Именно – пахнет. Но, признаюсь, я предпочитаю читать историю, готов еще, пожалуй, смотреть ее; но никак не нюхать. К тому же история, которой пахнет уральский сарафан, не отличается особенным ароматом. От этого сарафана пахнет скверным подобием ладана, которым чадил какой-нибудь беглый или самозванный казачий поп в потаенной часовне, служа всеношную или даже обедню в полотняной церкви. К этому, только отчасти историческому запаху, присоединяются и другие, вовсе не исторические, и сарафана не вымоешь и не вычистишь. Разве отдать его из красного или жаркого, то есть оранжевого цвета, перекофеить.

– Как это перекофеить? – спросил я у одной уральской барышни, когда услыхал от нее это словечко.

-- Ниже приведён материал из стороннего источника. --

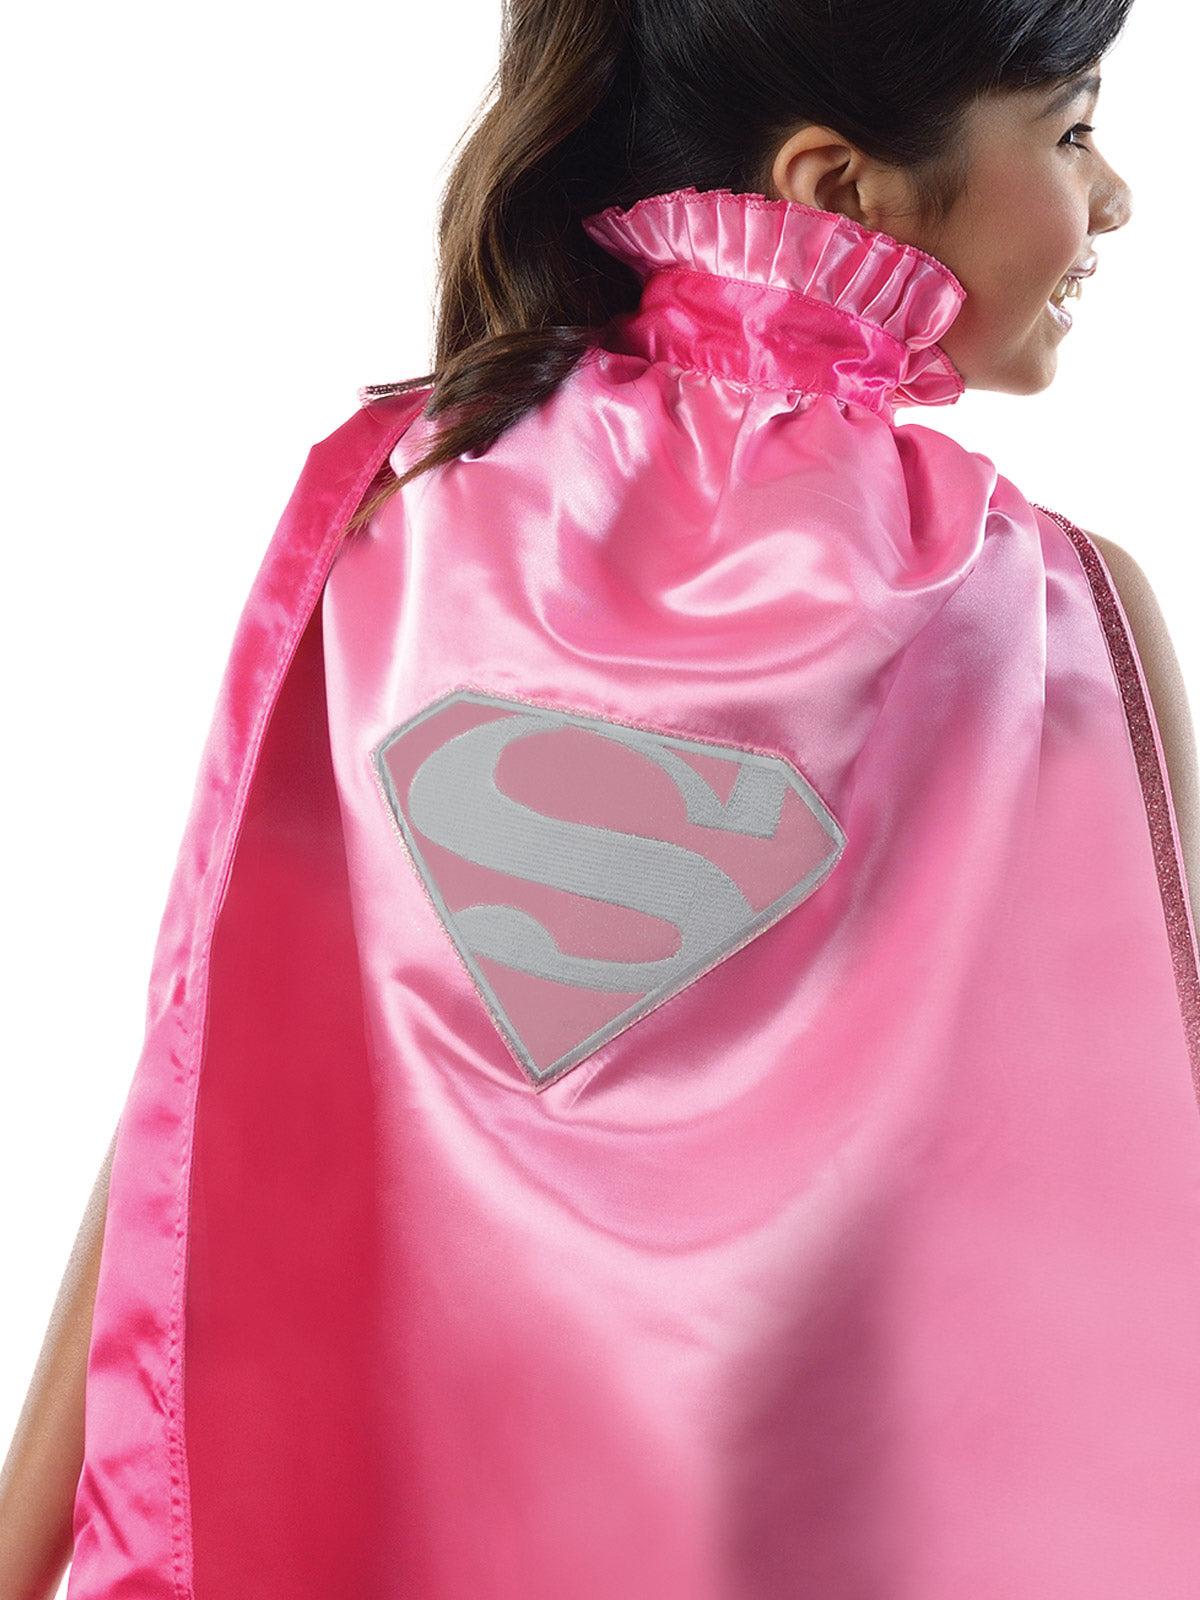 Supergirl DC Pink Cape Girls Licensed Genuine Costume Cape

– Перекрасить в кофейненький цвет, – отвечала она.

– Какой же это кофейненький цвет?

– А вон!

И барышня указала мне на лиловый сарафан.

Описывая покрой уральских сарафанов, я сделал непростительный промах. Промеж двойного ряда позумента, идущего вдоль стана от ворота к подолу, насаживаются блестящие пуговки. Сколько их, я не считал: может быть, двенадцать, а может быть, и шестнадцать.

В счете пуговок на уральском сарафане нужно быть очень осторожным. Малейшая неверность может породить ученую полемику. Пример такой полемики может быть помнят специалисты по части женских пуговок. Для неспециалистов же я скажу в нескольких словах, в чем было дело.

Один из прежних писателей уральского быта упомянул мимоходом, что уралки шьют себе сарафаны с отборной девятой пуговкой. Другой исследователь повторил это сведение несколько иначе, а именно сказал, что уральские сарафаны обшиваются позументом с несколькими по нем металлическими блестящими пуговицами, из которых так называемая «девятая пуговка» обыкновенно бывает крупнее и богаче других.

Людям проницательным может показаться, что дело это касается не только этнографов, сколько швей, и швей не общечеловеческих, а единственно уральских. Но такое мнение совершенно ошибочно.

Третий описатель уральских нравов, местный ученый, с эрудицией специалиста, считавшего пуговки на сарафанах своих землячек и знающего, где приходится девятая, не только опроверг существование этой пуговки, но даже нашел высоко безнравственным самое предположение о ее существовании.

Не будучи судьей в этом деле, я ограничусь двумя маленькими отрывками об уралках из путешествия знаменитого Палласа, бывшего на Урале в 1769 году, и из «Исторического и статистического обозрения уральских казаков» г. Левшина, которое написано в 1821 г.

Вот что говорит Паллас: «Молодые люди всегда препровождают дни в забавах, и многие казаки вдались в праздность и пьянство. Женский пол так же любит увеселение, и кажется, что имеет склонность к щегольству и любви». Г. Левшин говорит: «Женщины здешние кажутся с первого взгляда неприступными…» Затем следует ряд точек. Вообразите мое удивление, когда я пересчитал эти точки и увидал, что их девять! Ни больше, ни меньше, как девять. Не подразумевалось ли под этими девятью точками девять пуговок?

Красавиц между уралками я однако ж не встречал; вообще хорошеньких лиц мало. Часто к русскому типу примешивается что-то азиатское, напоминающее бухарскую сторону Урала, и преимущественно у женщин.

Еще более азиатского характера придают себе уралки пристрастием к белилам и румянам. Здесь, скажу между прочим, не говорят «она набелена, нарумянена», а «у нее накладное лицо».

Чтобы сказать все о наружности уральцев и уралок, замечу, что у большинства черные волосы, а светло-русые головы очень редки.

Кроме странных сарафанов, у уралок есть и еще особенность: они все говорят, жеманно пришепетывая. Не думайте, что это какой-нибудь врожденный порок. Это просто здешняя мода, вошедшая в обычай и переходящая от матери к дочери вместе с бабушкиным сарафаном. Мужчины не прешепетывают: это принадлежность одних женщин. Очень может быть, что говорить «целовек» вместо «человек», «доцка» вместо «дочка», считалось даже некогда особенною красотой в женских устах. Теперь словечко «цяво?» произведет не больше впечатления, нежели простое «чего?».